Pivot
Meta's Chief AI Scientist Yann LeCun Makes the Case for Open Source | On With Kara Swisher
Sat, 21 Dec 2024
We're bringing you a special episode of On With Kara Swisher! Kara sits down for a live interview with Meta's Yann LeCun, an “early AI prophet” and the brains behind the largest open-source large language model in the world. The two discuss the potential dangers that come with open-source models, the massive amounts of money pouring into AI research, and the pros and cons of AI regulation. They also dive into LeCun’s surprisingly spicy social media feeds — unlike a lot of tech employees who toe the HR line, LeCun isn’t afraid to say what he thinks of Elon Musk or President-elect Donald Trump. This interview was recorded live at the Johns Hopkins University Bloomberg Center in Washington, DC as part of their Discovery Series. Learn more about your ad choices. Visit podcastchoices.com/adchoices
Chapter 1: Who is Yann LeCun and why is he significant in AI?
And so I think there should be resources allocated by the government to give computing resources to academics.
To academics. Now, this is, as you said, it's shifted rather dramatically because academics is where a lot of the research, the early computing research was done, and now it's moved away from that.

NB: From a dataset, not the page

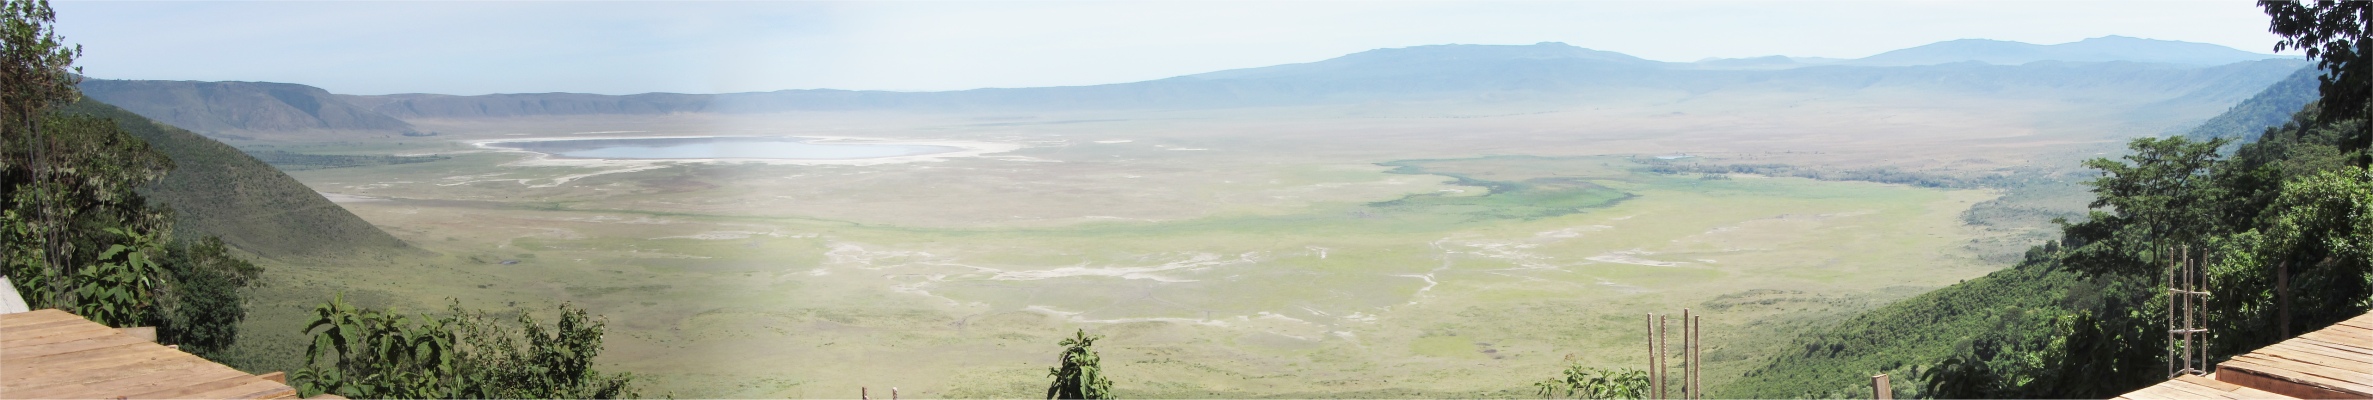 ngorongoro_crater_view_from _rim

Andrew Ferguson has been tapped to head the FTC. Former Fox News anchor Pete Hegseth is nominated defense secretary. Yeah. Ferguson seems to want to roll back any attempts to be a regulator.
Is this important for government to be more active in this area?
It's certainly important for the government to be more informed and educated about it. But I mean, active certainly for the reasons that I said before, because there's probably an industrial policy to have all the chips that enable AI at the moment are all fabricated in Taiwan, designed by a single company.
There's probably something to do there to sort of maybe make the landscape a little more competitive or...
For chips, for example.
For chips, for example. And there's another question I think that's really crucial also, and that has consequences not just for the U.S. government, but governments around the world, which is that AI is quickly going to become a kind of universal knowledge platform, basically, you know, the sort of repository of all human knowledge.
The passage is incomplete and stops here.